Arctic Sortax

 

Peering beneath the ice caps and glaciers of the north pole of Mars can reveal an assortment of many strange creatures. One of them is the sortax, a flattened, cushiony creature with a strangely bifurcated spine out of which grow a tadpole-like tail and two eyestalks. A common urban legend on Earth regarding this animal is that when an astrobiologist, usually only named “Dr. Morris”, if named at all, first discovered this creature, while livestreaming his expedition as a public NASA broadcast, he shouted “Fuck, another new phylum!”. The resulting PR debacle then led to him being fired in most versions of the story. This is almost assuredly a pop cultural myth that is entirely fabricated. The true discoverer of the sortax was a woman by the name Eryx Burton, and there is no comparable recording in any of NASA’s archives (for how the myth may have formed, see Busch 2338).
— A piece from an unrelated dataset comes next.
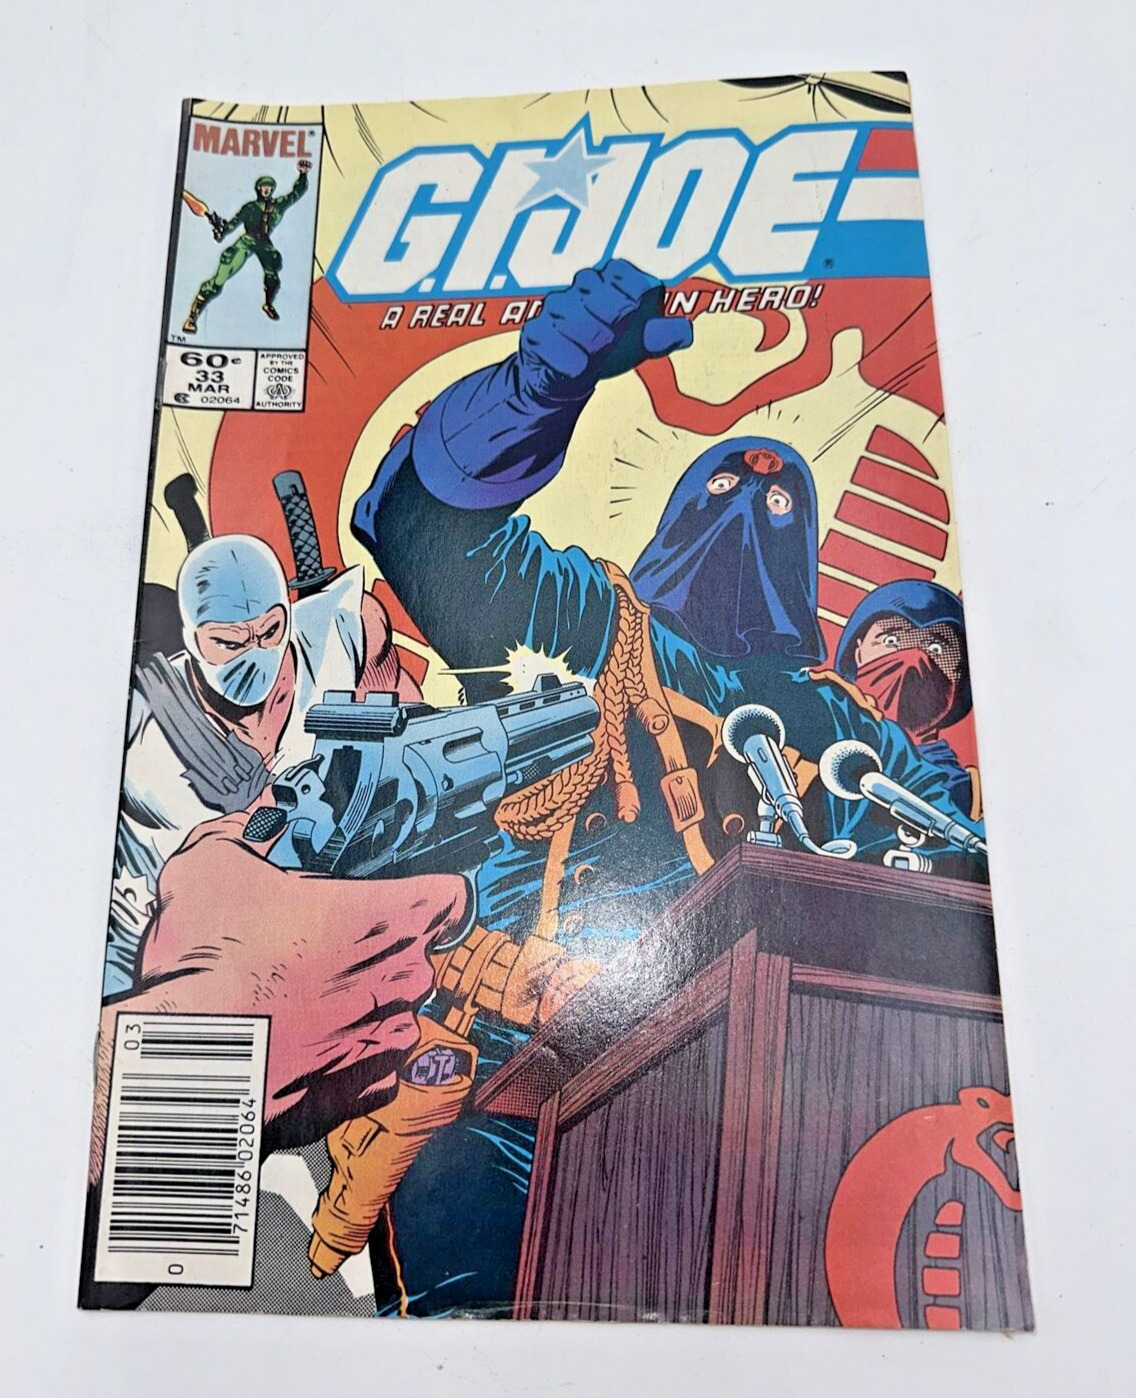 G.I. Joe: A Real American Hero #33 BY MARVEL COMICS

More importantly, Burton never made the claim that the sortax belongs to a separate phylum, as examination quickly uncovered its ties in the Martian tree of life. The animal’s endoskeleton is made of apatite and silicon dioxide and the anatomy of the tail is identical to the arms of trichordates such as the hortax. The tri-radial cloaca on top of the body is also another dead ringer. It strongly suggests that the sortax is a trichordate, but has shifted away from the ancestral radial symmetry of its star-fish-like ancestors towards a bilateral one. Two arms stiffened and became structural supports for an expanded gut and mantle, their tips becoming mainly sensory organs, while the third became a tail. The three-pronged mouth shifted from the bottom of the body towards the front. This is certainly not as extraordinary as it may seem, as on Earth many radial animal groups also have members with bilateral elements, such as ctenophores with two tentacles, or sand dollars and irregular sea urchins among the echinoderms. Like in the latter example, the anatomy of the sortax and its relatives may have originally arisen as an adaptation towards horizontal digging in marine sediments, where a radial body is less beneficial than an axial, streamlined one.
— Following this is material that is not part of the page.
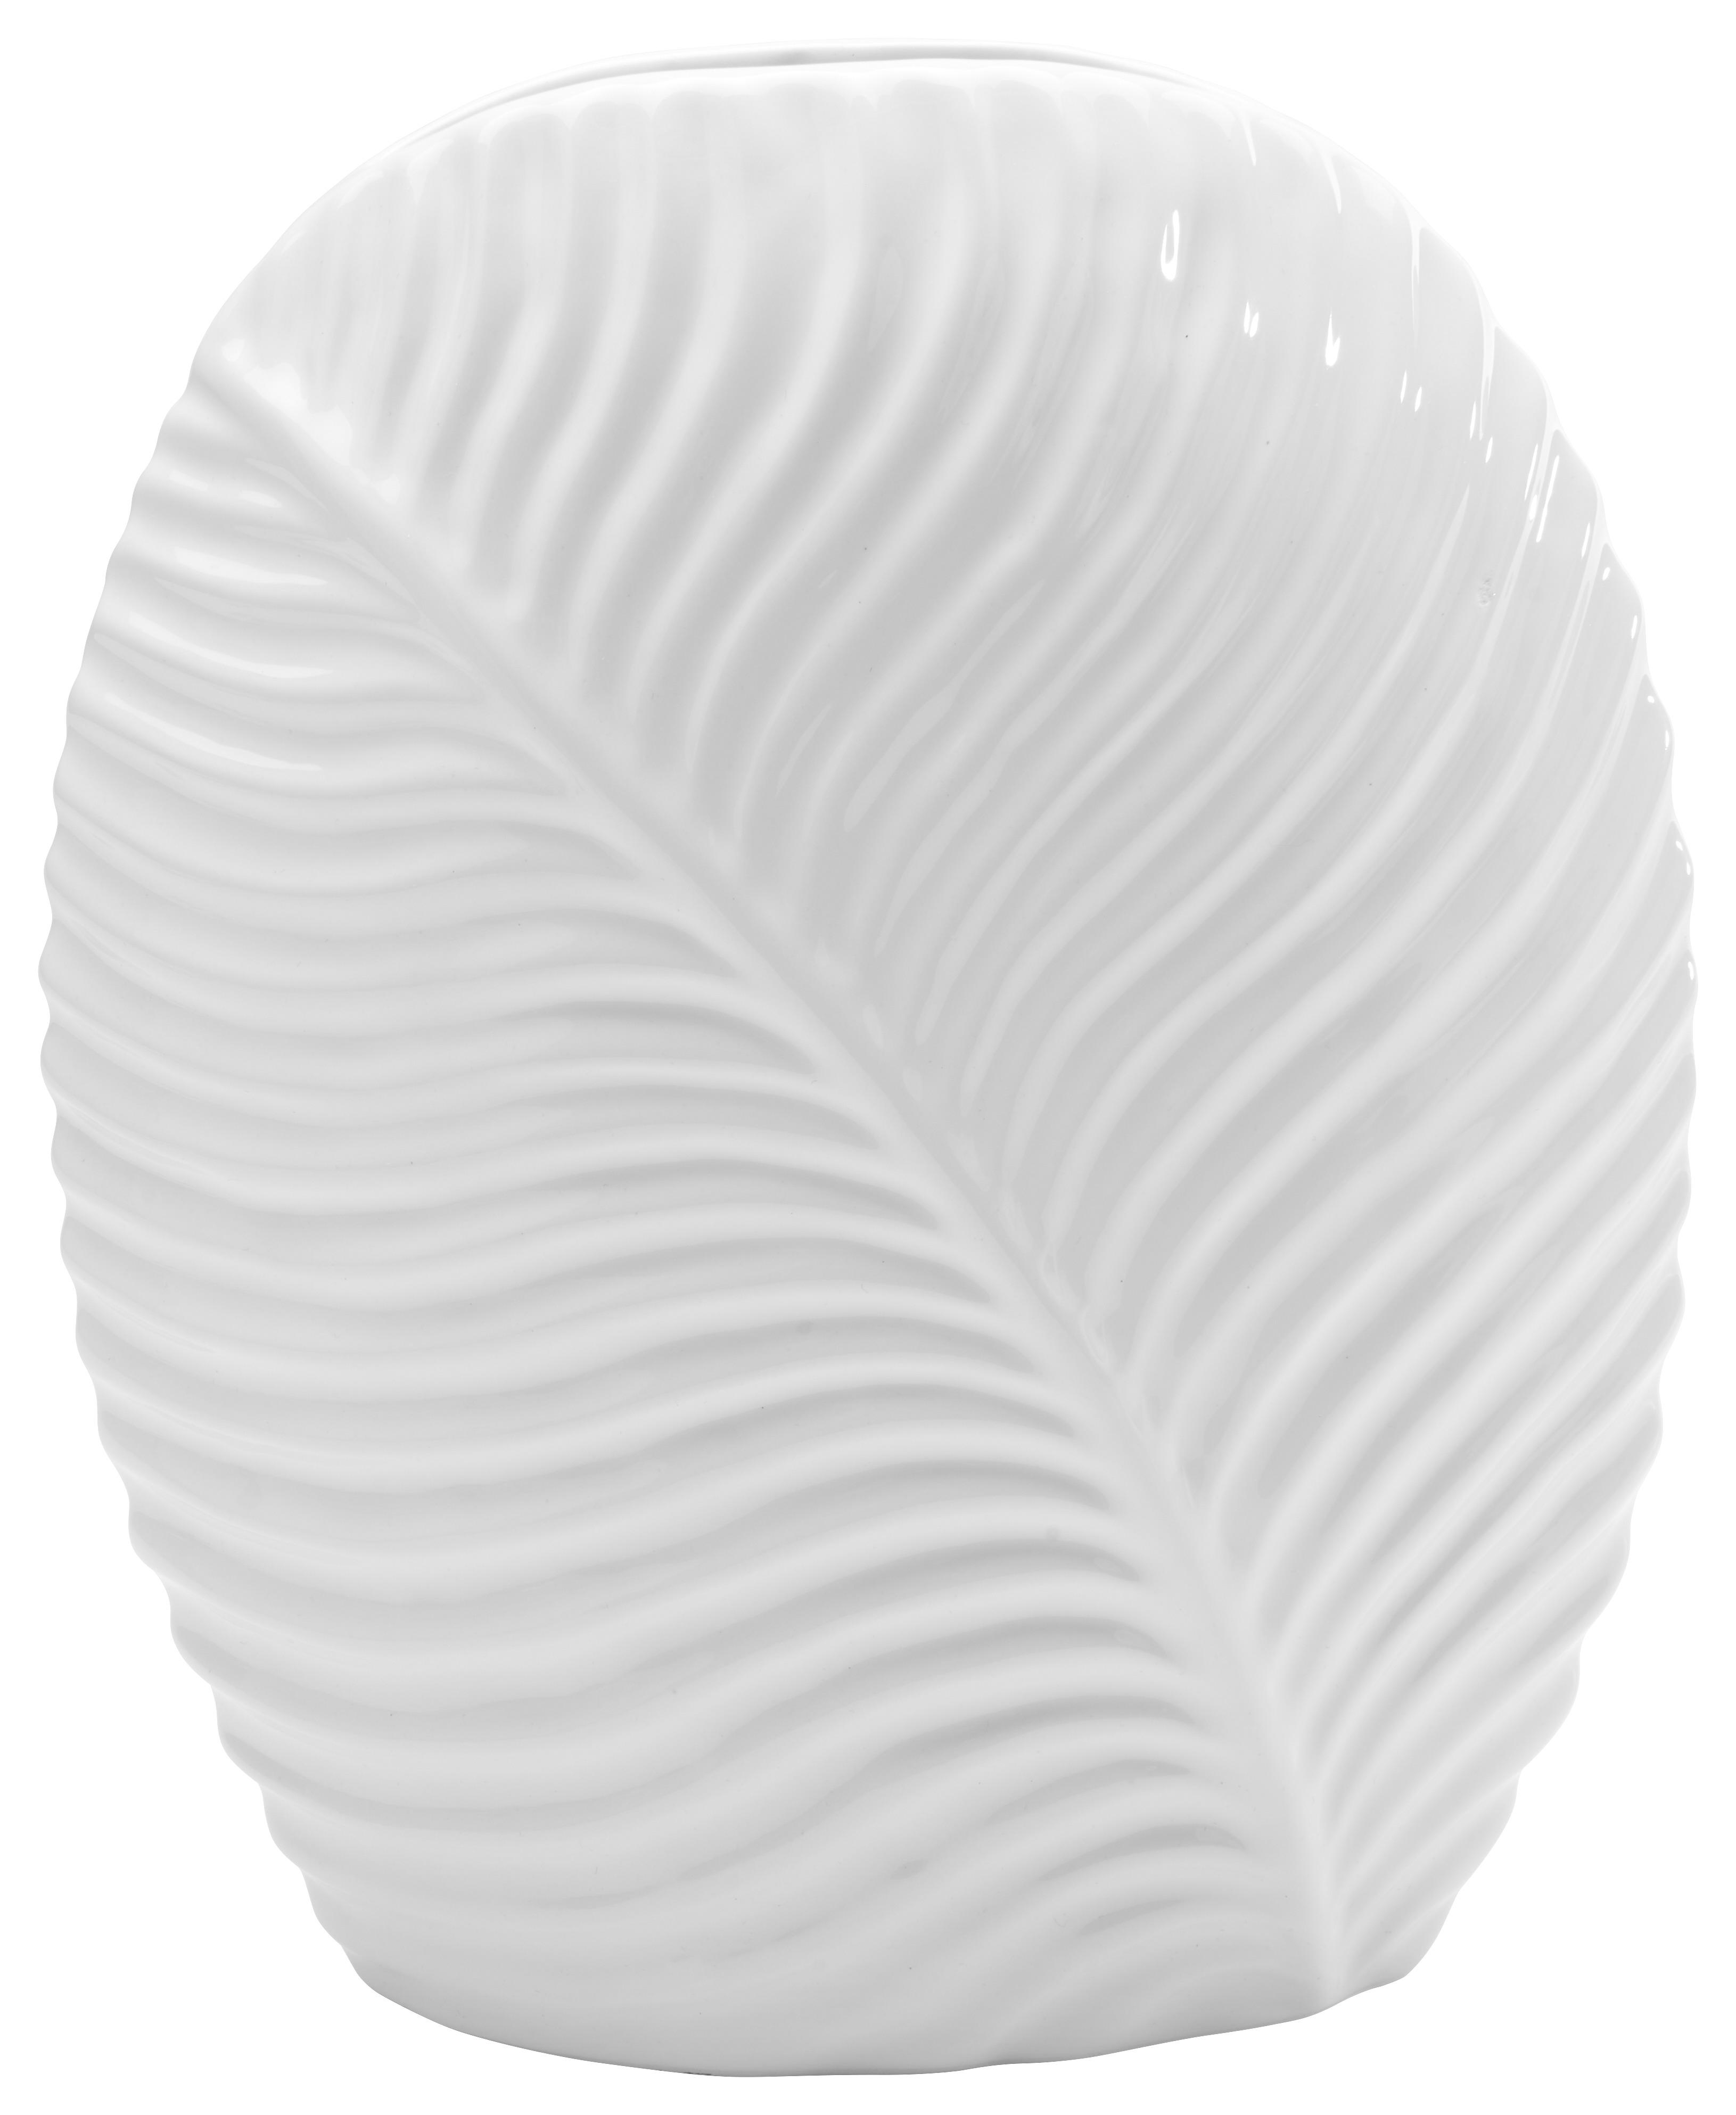 VAZA   20,2/24,2/10,1 cm   keramika  - bijela, Basics, keramika (20,2/24,2/10,1cm) - Ambia Home

Though it is primitive in its aquatic habitat, the sortax likely does not represent this ancestral state, as it largely lives on top of the sediment and only digs itself into the sand when danger, such as arctic rhosons, presents itself. When on the search for food, the sortax moves by hovering through slight, carpet-like undulations of its flabby mantle, the tail only being used when quick bursts are required. Its main prey include the various worm-like organisms that inhabit the subglacial silt: circulates, pseudarticulates and mollizoans. These are usually devoured through suction feeding, whereby the prongs of the mouth open fast enough to create a brief vacuum. Swallowed whole like spaghetti, the prey is further processed by a masticating stomach.

It is interesting to note that the eyestalks retain some form of independence, similar though not to the same degree as the arms of more classic trichordates. While looking for prey, usually one eye faces forward to focus, while another one surveys the area. Unlike the arms of the hortax, these do not alternate in their tasks but seem dedicated to their roles, though with variation between individuals. In other words, some sortax are right-“handed”, while others are left-“handed”. It would be interesting to further study if the rest of the nervous system has also retained a degree of decentralization or has instead undergone more streamlining during bilateralisation.
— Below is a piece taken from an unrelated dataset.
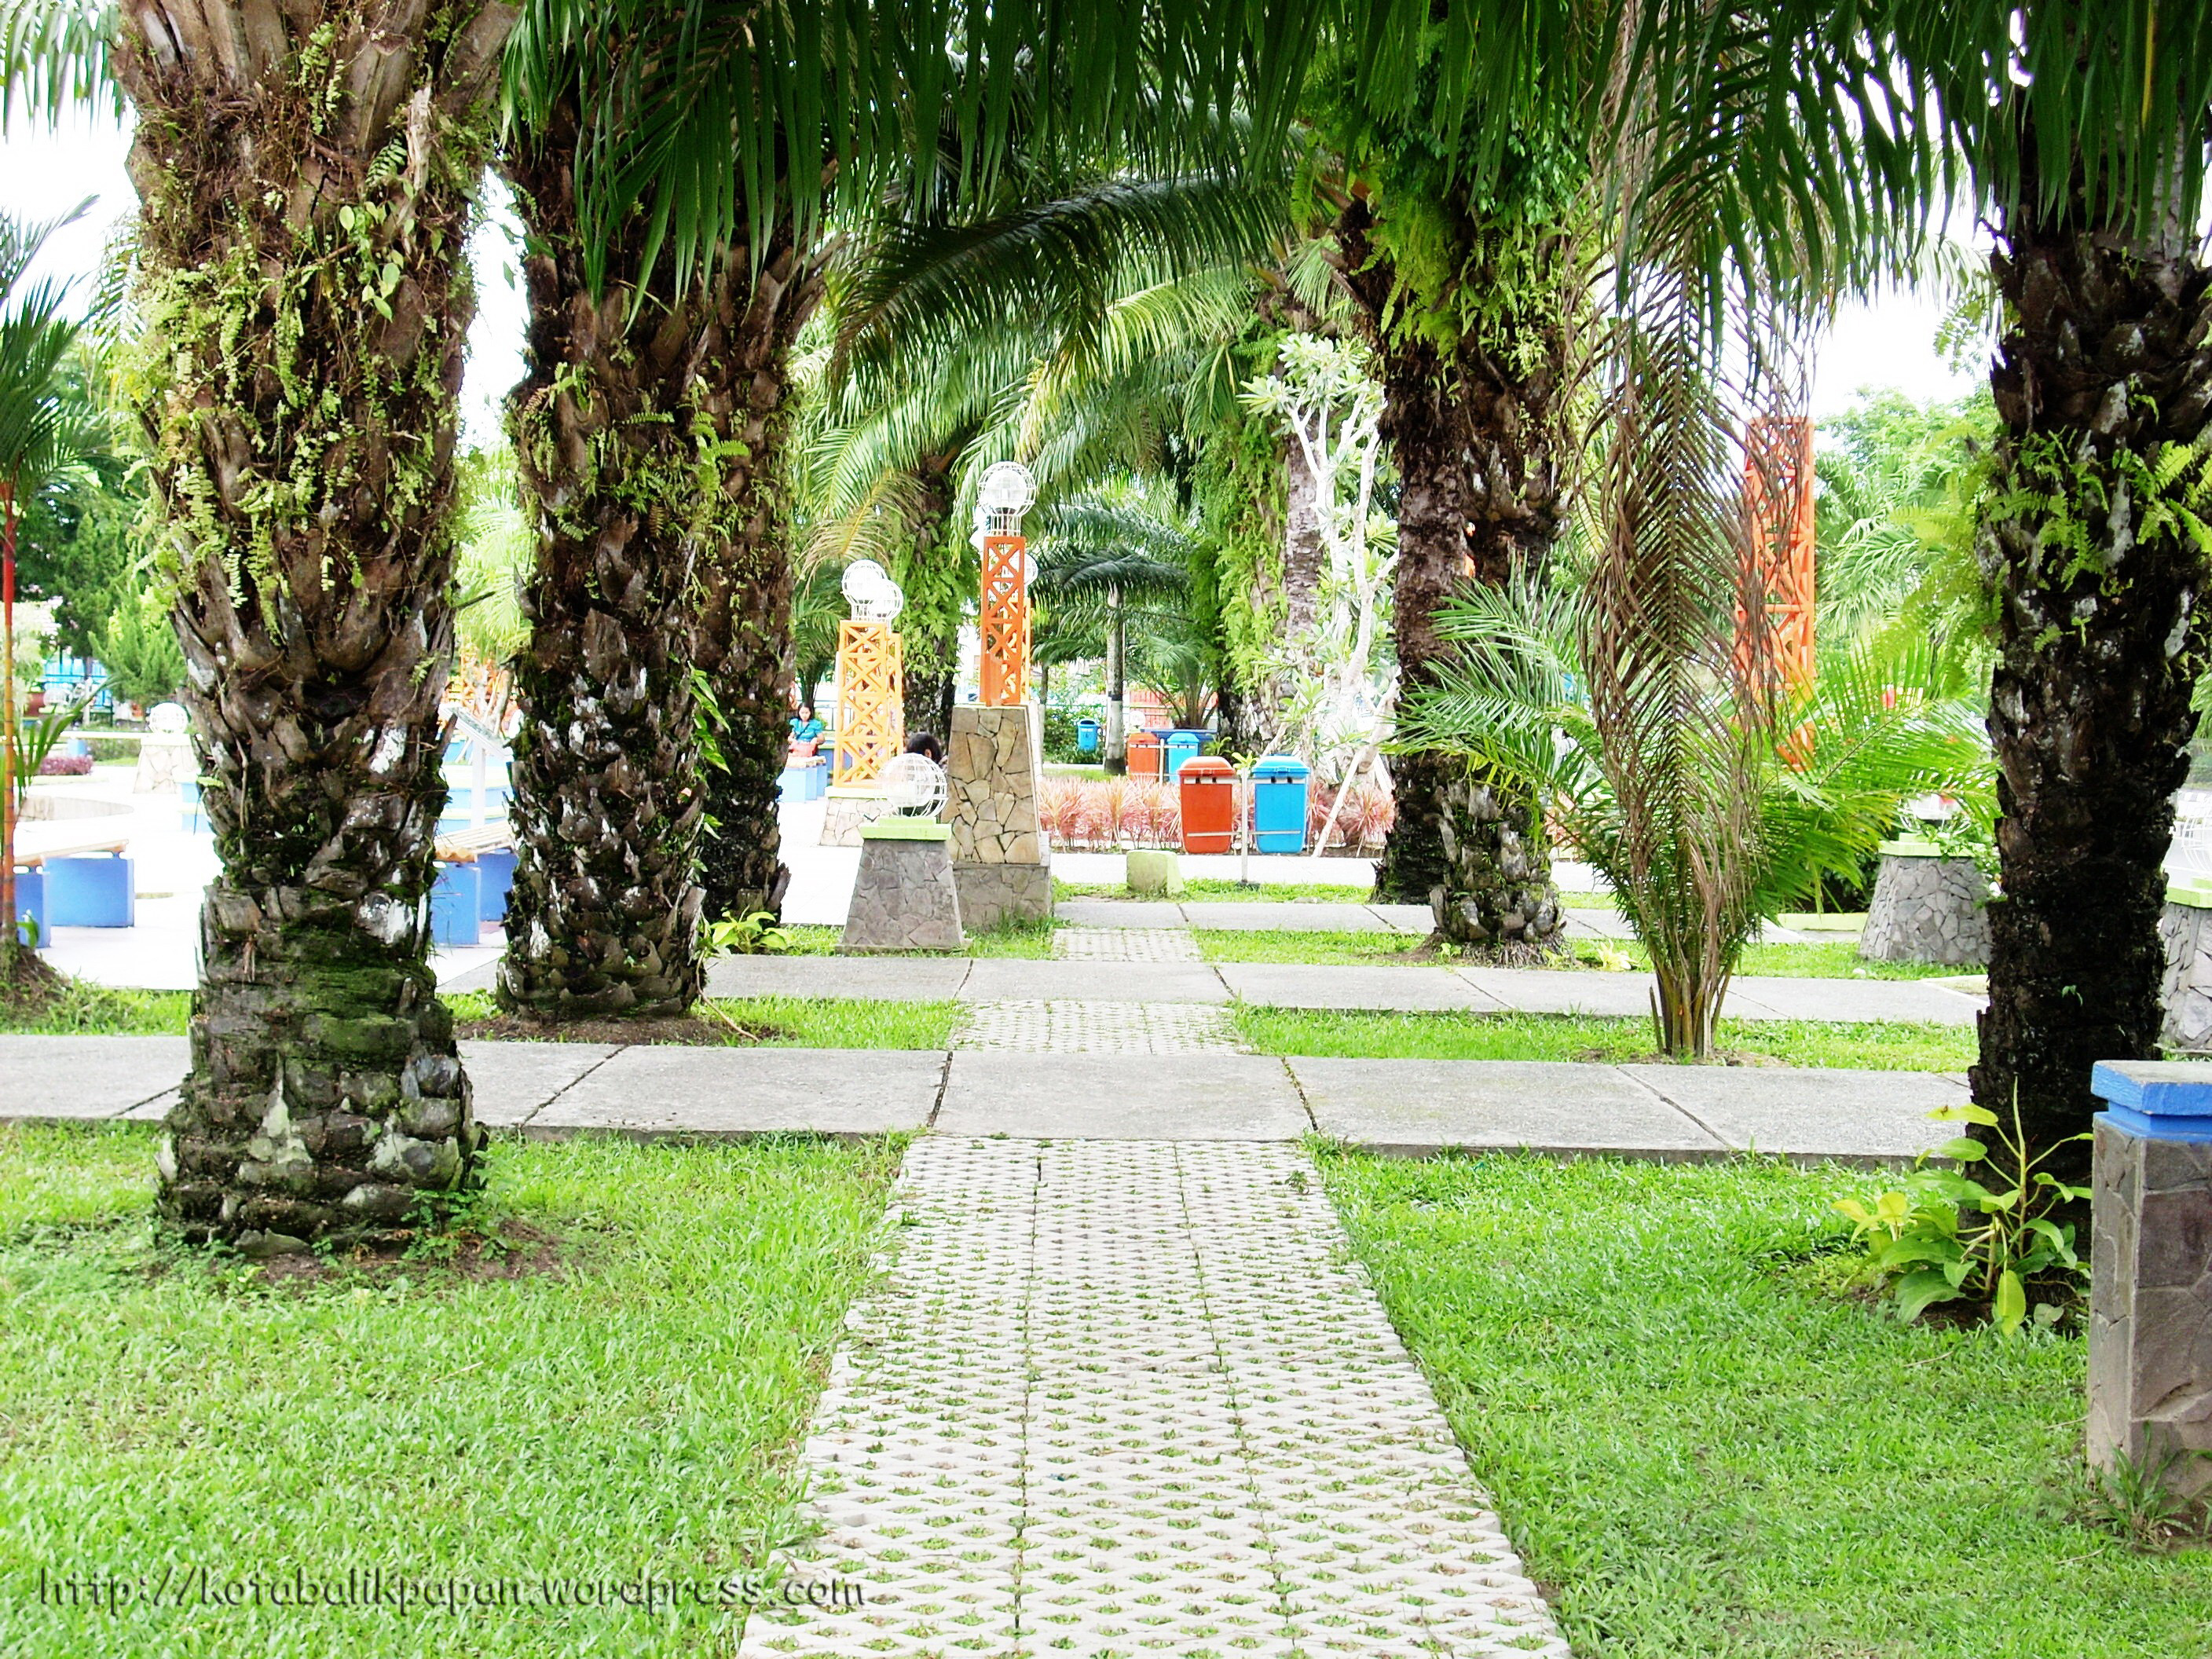 wallpaper taman,tree,property,palm tree,arecales,grass

Since its discovery, it has been recognized that many strange problematica found across Mars are likely relatives of the sortax, something substantiated by recent molecular analyses (Schaf 2337). This likely monophyletic clade has been named Furchordata and is now largely recognized as a distinctive class among the Trichordata. Trichordates, due to the shape of their cloaca, leave behind peculiar trilateral excrements, which in Furchordata specifically get twisted into strange spires due to their more complex guts. Coprolites of exactly this shape have been found in Middle Athabascan sediments, indicating that furchordates first emerged shortly after the End-Cydonian mass extinction event (Brot 2339).

References:

• Busch, Briegel: Marsgeschichten und andere tolle Sachen, Berlin 2338.
• Brot, Bernd: Mist. Die Ultimative Enzyklopädie, Beck 2339.
• Schaf, Tchili: Testing the Furchordata hypothesis using sequenced Martian genome data, in: Current Astrobiology, 465, 2337, p. 13 – 23.